And I'm largely talking for our business, of course. Dirk van der Putt, great to get some
insight into what you're seeing and what you're dealing with. Costs, consumer, global, appreciate
it very much.
Thank you.
Dirk Van De Putt, CEO of Mondely, is ringing the closing bell over at the Nasdaq.
We are following the sell-off for you. The S&P 500 down about eight-tenths of one percent. Mike Santoli, I noticed that the dollar's strong and treasury yields are high, not something that equity
investors want to see. Any spark?
Didn't seem like there was a specific spark, Sarah, except that we get later
in the day we're that much closer to tomorrow's jobs number. And when the markets are anticipating
an event like this, I think they're going to just retrace their last big move. In that case,
it was down in the dollar in yields and it was up in stocks. And so those things moving a little
bit in reverse. Again, I mentioned earlier, the S&P for now is still trading within yesterday's
range. So in other words, not a new low for the week. Smaller cap stocks are actually holding up
fine. It doesn't seem like a real rush away from risk, but absolutely a tightening up of conditions.
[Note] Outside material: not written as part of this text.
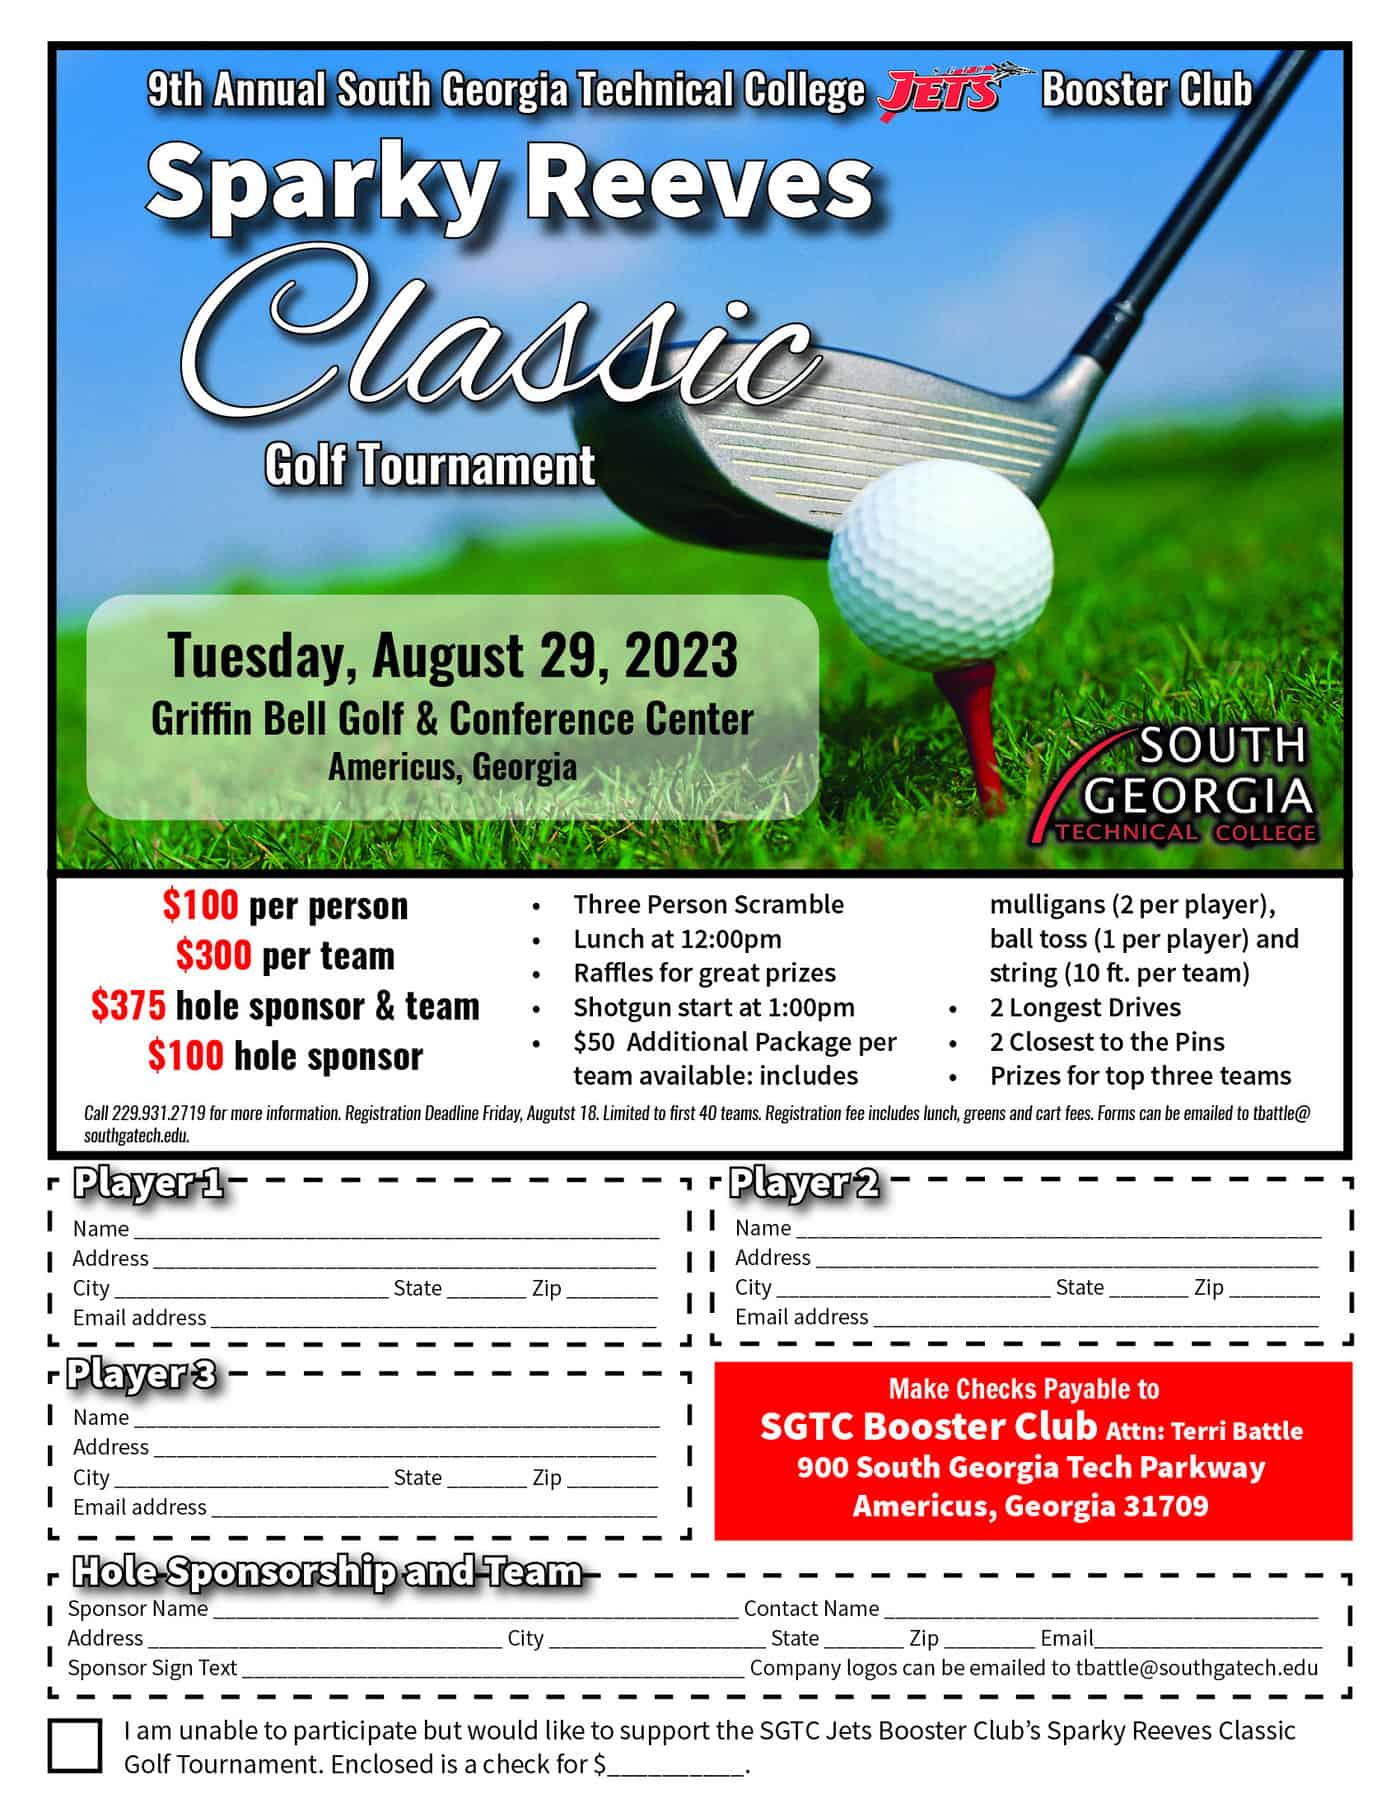 9th annual Sparky Reeves Classic Golf Tournament planned for Tuesday, August 29th.

And by the way, the volatility index blipped above 30. That's, again, a retracement of the
recent decline. Well, the labor market, while there are some hints around the edges that it
is weakening, it's still remarkably strong. Even claims today, which were higher, jobless claims,
are still near historically low levels. To your point about how it's not all a runaway from risky
stocks or risk, Microsoft, Apple, Pepsi, that's weighing on the Nasdaq. But you've got names like
Netflix, Google, Costco, Meta, all higher. Adobe, higher
right now. And that's what's keeping the Nasdaq from underperforming, which is something we've
been used to lately in these types of sell-offs. Yeah. In the last few days, actually, the Nasdaq's
been managing to hang in there. Of course, it's in a deeper decline off of its highs than the
rest of the market. So I don't think there's a lot of specific targeted storylines here. It's just, look, we had a very strong bounce. It's completely debatable as to
whether that was a decisive low or just an interim one. And as you mentioned, you know, today we had
a little bit of an upside surprise in weekly unemployment claims, like, I don't know, 15,000
jobs in the week. Not much. And briefly, the market wanted to celebrate it. And then it got
unwound. So it shows you we're very sensitive to every little wrinkle in what's happening with the labor market.
Well, and it's also this weird, perverse world where the market celebrates bad news on the idea that the Fed will stop or calm down.
Bad, but hopefully not too bad, exactly.
Bad, but not terrible.
Right.
Mike, thank you.
We'll see you soon.
Stay close.
Mike Santoli at the Stock Exchange.
Well, first Gap, now Adidas. After the
break, we're going to bring you the latest buzz on Kanye West's growing battle with retailers.
We've got some news for you. And later, we'll talk to Eurasia Group President Ian Bremmer about
the political fallout from OPEC's surprise production cut today and why he just tweeted
to Elon Musk, quote, dude, stop trying to do geopolitics. We'll be right back.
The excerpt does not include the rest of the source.